İstanbul’un göbeğinde ‘ucuz atlatılan’ kaza
Bu kazalar arasında özellikle 13 Şubat 2004 tarihinde Ambarlı’daki Fuel-Oil Santralı’nda meydana gelen kaza öne çıkıyor. Santralin 4. Ünitesinde, tekrar kızdırılmış buharı orta basınç türbinine taşıyan boruların patlamasıyla meydana gelen kaza sonucunda türbin dairesi tamamen buharla kaplanmış. EÜAŞ’ın kaza raporuna, “Olayın meydana geldiği anda basınç ve sıcaklık değerlerinin çok düşük olması (125 °C, 14 bar. Normal işletme basıncı 36 bar, 540 °C) ve teçhizat yakınında herhangi bir kimsenin bulunmayışı olası can ve mal kaybını önlemiştir. Türbin dairesini tamamen buhar kaplamış ve böyle bir kaza çok ucuz atlatılmıştır” şeklinde aktarılan kaza, Türkiye’nin en büyük çevrim santrallarından birinde, İstanbul’un Avcılar ilçesinde meydana gelmiş. Kazanın tamiri süresince 276 milyon kilovatsaati bulan elektrik üretilememiş. Santralin kaza raporunda boruların patlamasının nedeni, “Malzemenin ömrünü tamamlaması” şeklinde kaydedilmiş. Bu da nükleer santral ortaklığına soyunan EÜAŞ’ın santrallarında kontrollerin yeterli bir şekilde yapılıp yapılmadığı sorusunu da akıllara getiriyor. Ambarlı santralında sık sık trafo yangınları meydana geldiği de raporlara yansımış.

Üç yıllık üretim kaybı
1120 MW gücüyle Sinop’ta kurulmak istenen nükleer reaktörlerden biri kadar güce sahip Hamitabat doğalgaz santralına ait kaza raporu ise bu kaza sonucu şirketin ve devletin uğradığı üretim kaybını ortaya koyuyor. Tarihi belirtilmeyen kaza C1 gaz türbininde, ısı plakalarında malzeme yorulması nedeniyle meydana geliyor. Raporda, “ısı plakalarından biri metal yorgunluğu sebebiyle yerinden çıkarak kanatlardan birine çarparak türbinin tümüyle hasarlanmasına neden olmuştur” deniyor. Kaza nedeniyle ilgili ünitede üç yıl boyunca üretim yapılamıyor.

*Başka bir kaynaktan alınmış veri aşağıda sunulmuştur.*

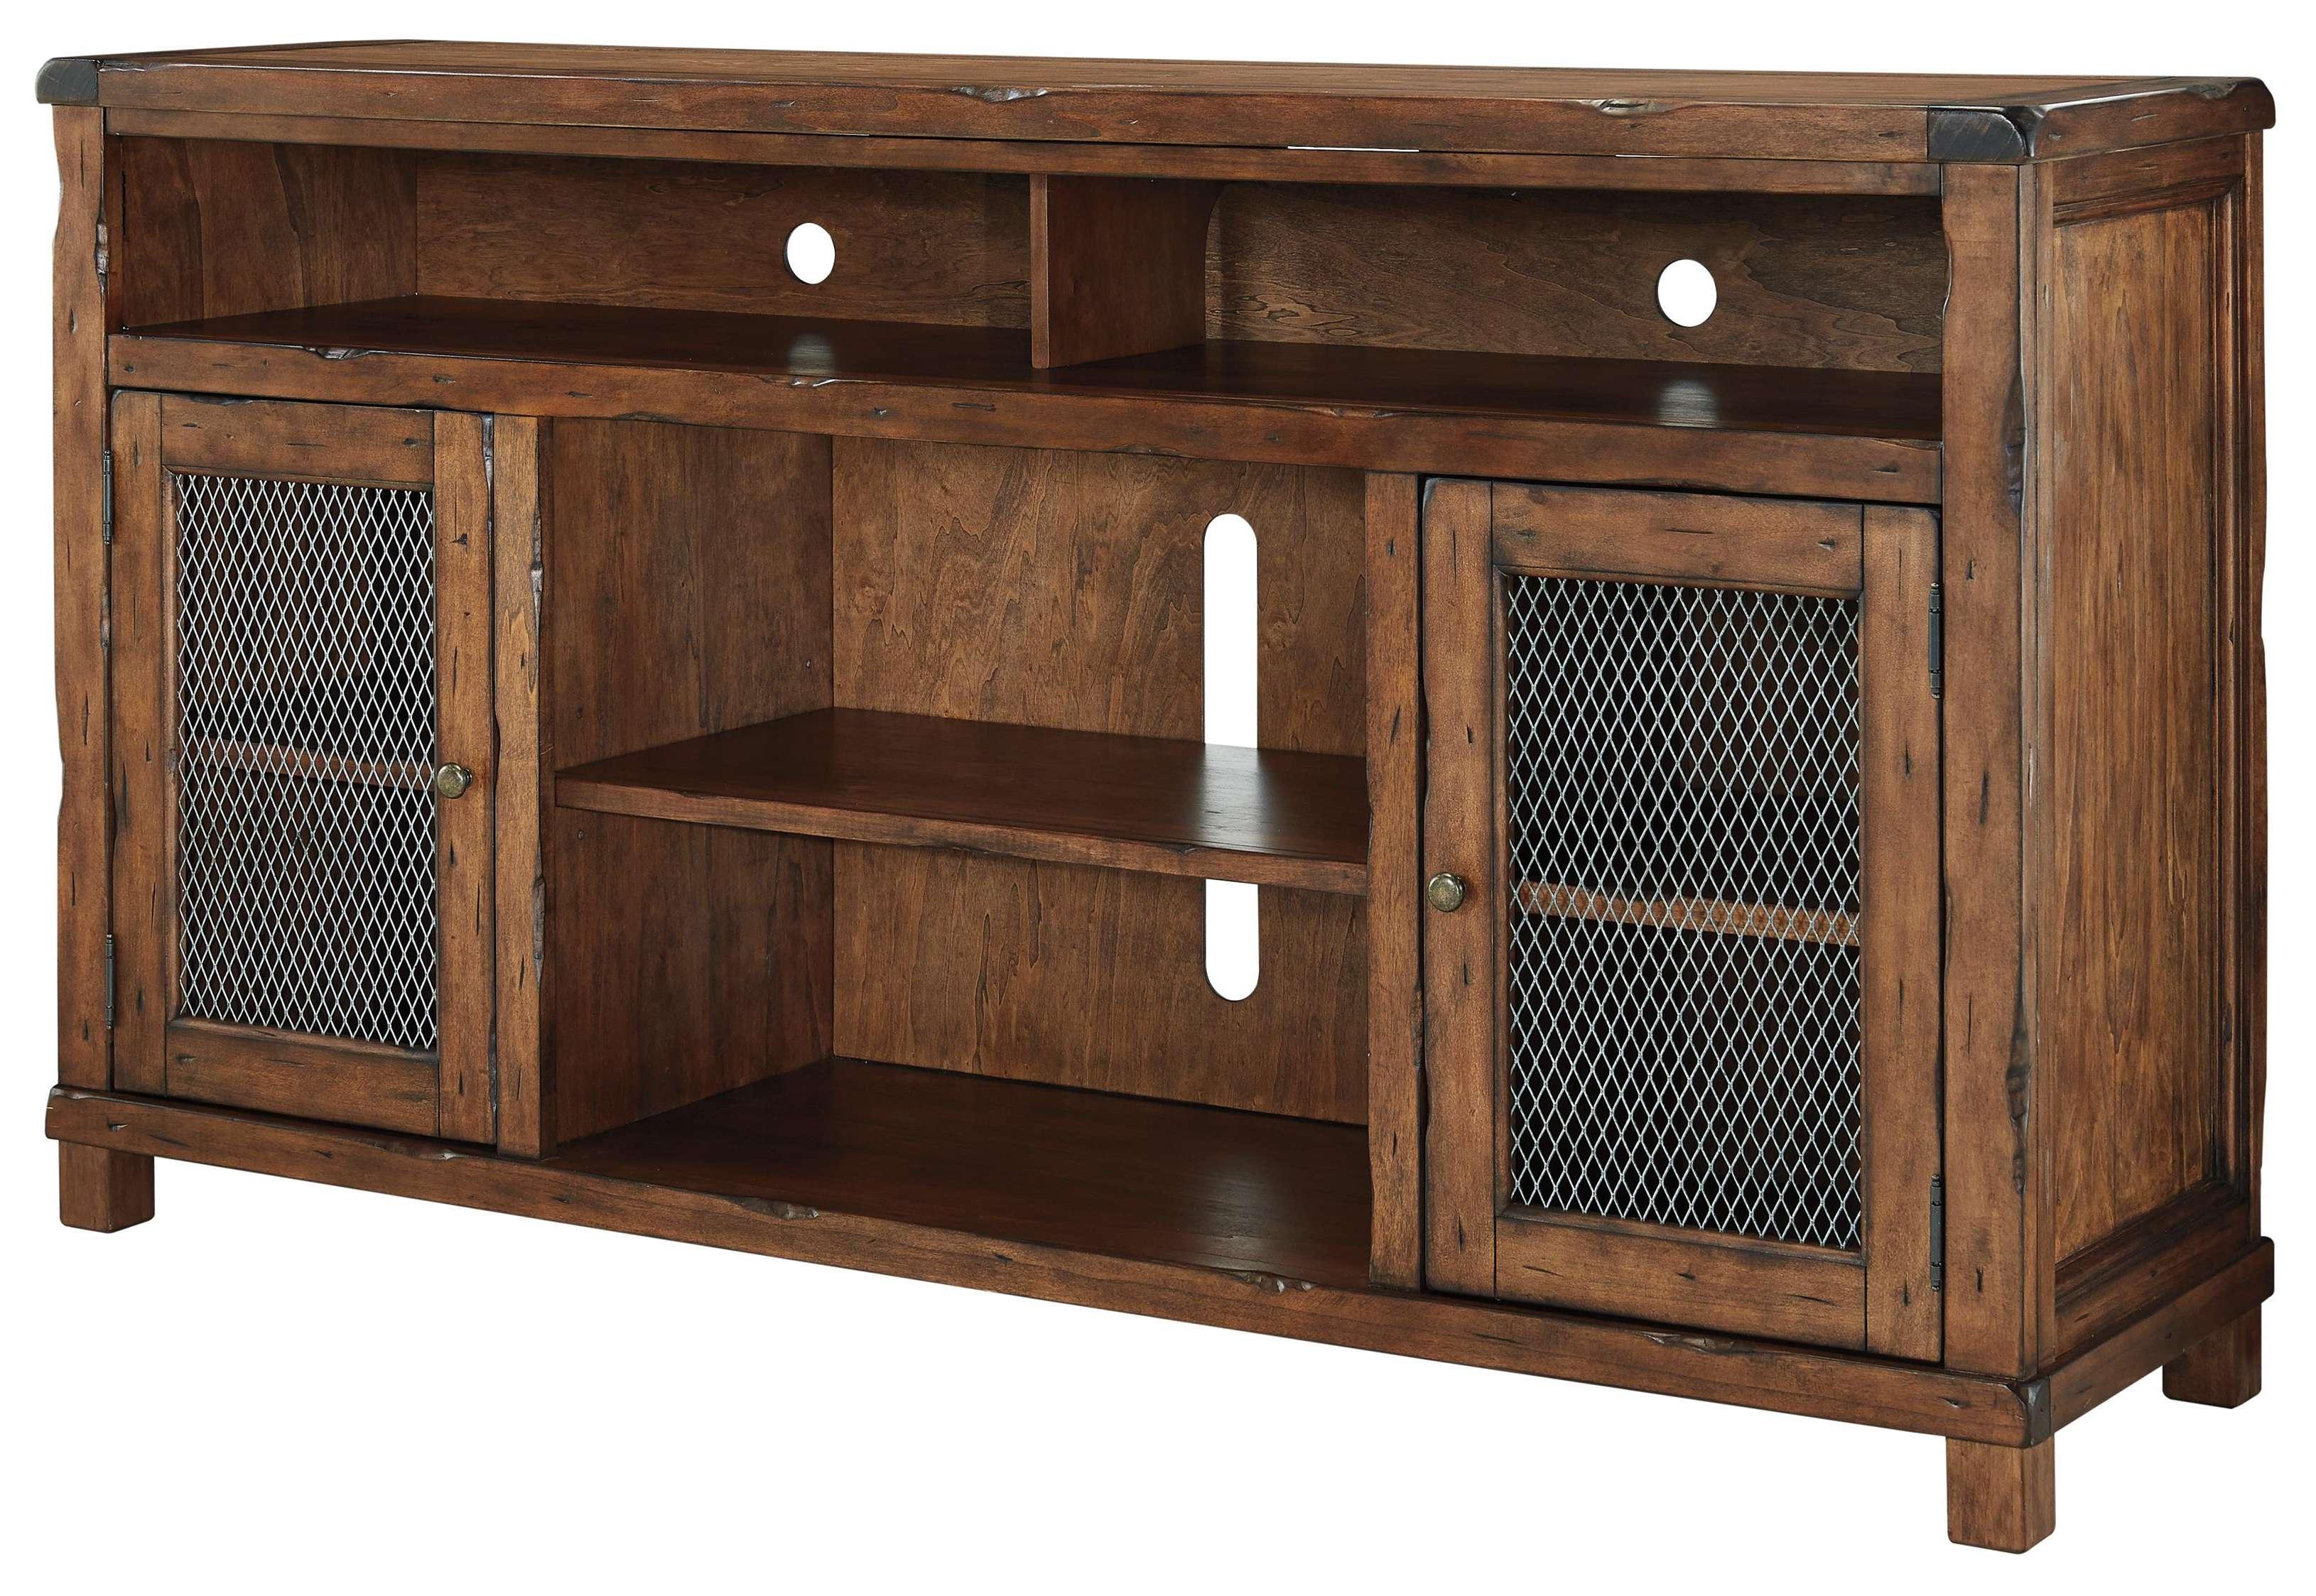 Rustic Mango Veneer Xl Tv Stand With Wire Mesh Doorssignature Regarding Rustic Furniture Tv Stands (View 6 of 20)

Bir başka üretim kaybıyla sonuçlanan kaza ise kömürle çalışan Afşin Elbistan A Termik Santralı’nda, 2001 yılında meydana gelmiş. İkinci üniteye ait turbo jeneratöründe meydana gelen hidrojen kaçağının neden olduğu kaza 290 bin avroya tamir edilmiş ve o ünitenin bir yıl kapalı kalmasına neden olmuş. Çalışsa 823 milyon kilovatsaat üretecek ünitede ciddi bir üretim kaybı yaşanmış.


Seyitömer kaza rekortmeni
Yerli linyit kömürüyle çalışan Seyitömer Termik Santrali’nin elimize geçen kaza raporları ise santralın 2000’li yıllardan başlayarak sık sık kaza yaptığını gösteriyor. 23 Mayıs 2000 yılında üçüncü ünitedeki jeneratör arızası nedeniyle 5 ay çalışmayan birim, 18 Ekim 2002 tarihinde ise türbin yatak arızası nedeniyle üç ay daha devre dışı kalmış. Santralın bir numaralı ünitesinde 9 Ağustos 2003 tarihinde meydana gelen kaza ise yaklaşık iki yıl sonra, 20 Mayıs 2005 tarihinde onarılabilmiş. 2 milyon avro harcanan tamirat boyunca santral 2 milyar kilovatsaatlik üretim kaybı yaşamış. Bu ünite tamir edildikten beş ay sonra, kaza yapma sırası tekrar üçüncü üniteye geçmiş. 26 Ekim 2005 tarihinde tekrar devre dışı kalan ünite bir ay içinde tamir edilmiş.

Tasarım hatası
1432 MW’lık kurulu gücüyle yine Türkiye’nin en büyük santralları arasında yer alan Bursa Doğalgaz Çevrim Kombine Santralı’nın kaza raporlarında, kazaların nedenlerini belirtirken, tasarım ve imalat hatası gibi açıklamalar yazılması dikkat çekiyor. Bursa’da en büyük üretim kaybı 6 Kasım 2002 yılındaki gaz türbini arızasından sonra yaşanmış. Yedi ay boyunca ilgili bölümde üretim yapılamamış ve 1 milyar 761 milyon kilovatsaatlik üretim kaybı yaşanmış.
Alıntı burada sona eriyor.